Overall, the study group spent 24% of the observation period with a viral load above 1500. That proportion was higher in people under 35 years old (32%) than in 35- to 49-year-olds (24%) and people 50 or older (16%). Women spent more time with a 1500-plus load than men (31% versus 22%), and blacks spent more time above 1500 (33%) than Hispanics (24%), whites (20%), or other racial/ethnic groups (19%). Percent of time above 1500 copies also differed by HIV risk (heterosexual female 31%, heterosexual male 26%, men who have sex with men 21%), insurance status (public 31%, private 21%), and baseline ART status (naive 29%, experienced 23%). Over the 5 study periods, percent of time above 1500 copies dropped steadily in people taking a protease inhibitor regimen, a nonnucleoside regimen, an integrase inhibitor regimen, or any other regimen.
 
In multivariable regression analysis,* every later calendar year was associated with lower percent time spent above 1500 copies (adjusted rate ratio [aRR] 0.91, 95% confidence interval [CI] 0.90 to 0.91).

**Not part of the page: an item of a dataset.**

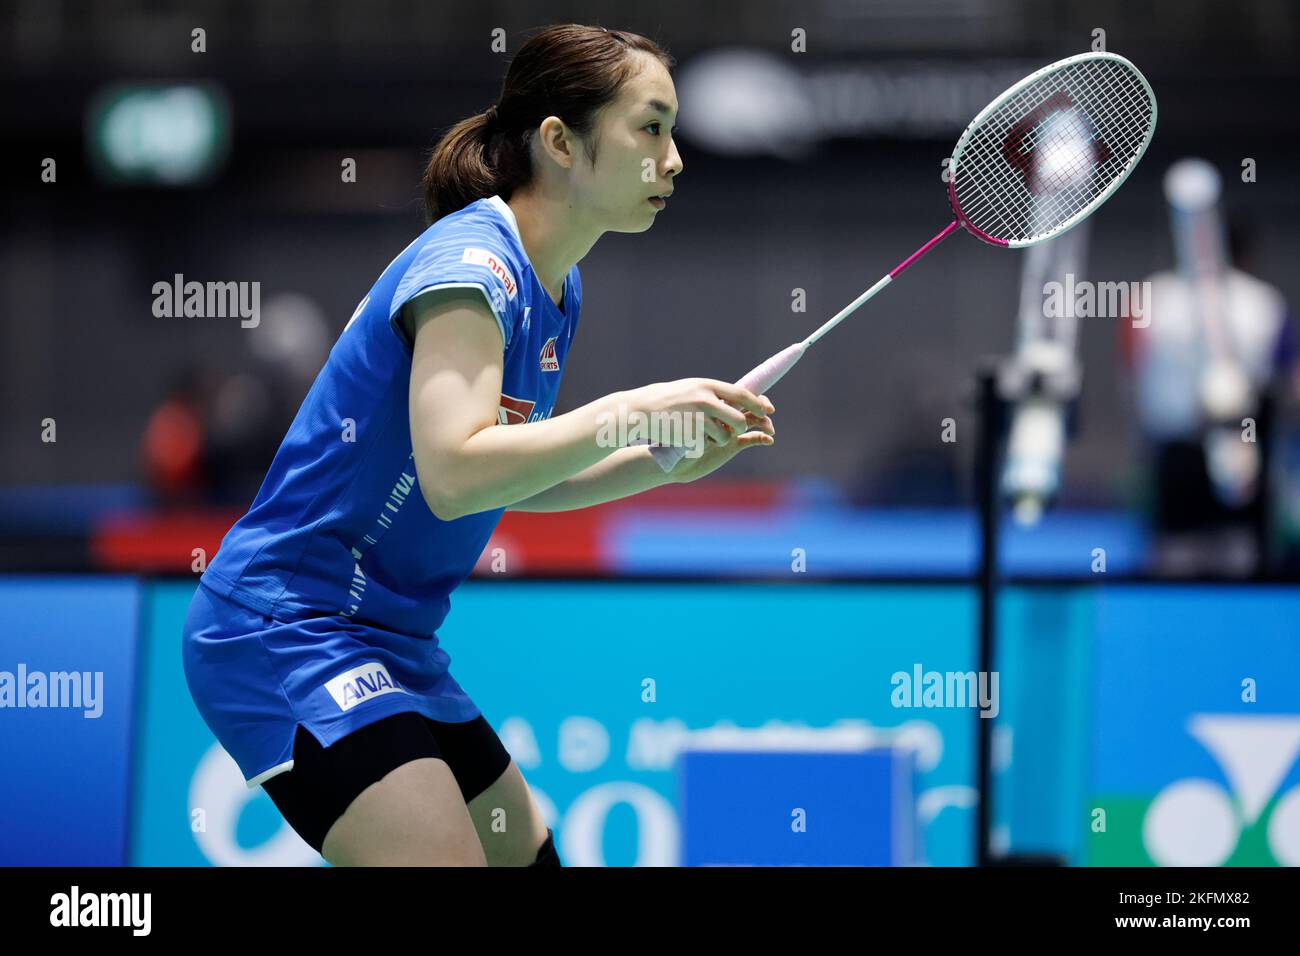 SYDNEY, AUSTRALIA - NOVEMBER 17: Misaki Matsutomo of Japan in action during the mixed doubles match between Japan and Taipei at Quaycentre on November 17, 2022 in Sydney, Australia Stock Photo

In the same analysis, 7 factors were independently associated with more percent time above 1500 copies:
 
-- Baseline viral load above 1500: aRR 2.25, 95% CI 2.10 to 2.41
-- Baseline CD4 count below 350 (vs 500+): aRR 1.16, 95% CI 1.09 to 1.24
-- No ART (vs on ART): aRR 3.48, 95% CI 3.30 to 3.67
-- Younger than 35 (vs 50+): aRR 1.50, 95% CI 1.36 to 1.65
-- 35 to 49 years old (vs 50+): aRR 1.35, 95% CI 1.23 to 1.48
-- Public insurance (vs private): aRR 1.24, 95% CI 1.17 to 1.32
-- Black (vs white): aRR 1.19, 95% CI 1.12 to 1.27
 
The researchers suggest earlier ART and improved regimens contribute to the falling proportion of time spent with a viral load above 1500 copies. They call for continued efforts to address time spent above 1500 copies in identified risk groups, including younger people, blacks, people who rely on public insurance, and people with higher baseline viral load or lower baseline CD4 count.
 
*In the multivariate regression analysis, calendar year and ART use are time-updated, while all other variables are measured at baseline.
 
References
 
1. Buchacz K, Mendoza M, Armon C, et al. Time spent with HIV viral load >1500 copies/mL among patients in HIV care, 2000-2014. Conference on Retroviruses and Opportunistic Infections (CROI), February 13-16, 2017, Seattle. Abstract 32.
 
2. Skarbinski J, Rosenberg E, Paz-Bailey G, et al. Human immunodeficiency virus transmission at each step of the care continuum in the United States. JAMA Intern Med. 2015;175:588-596.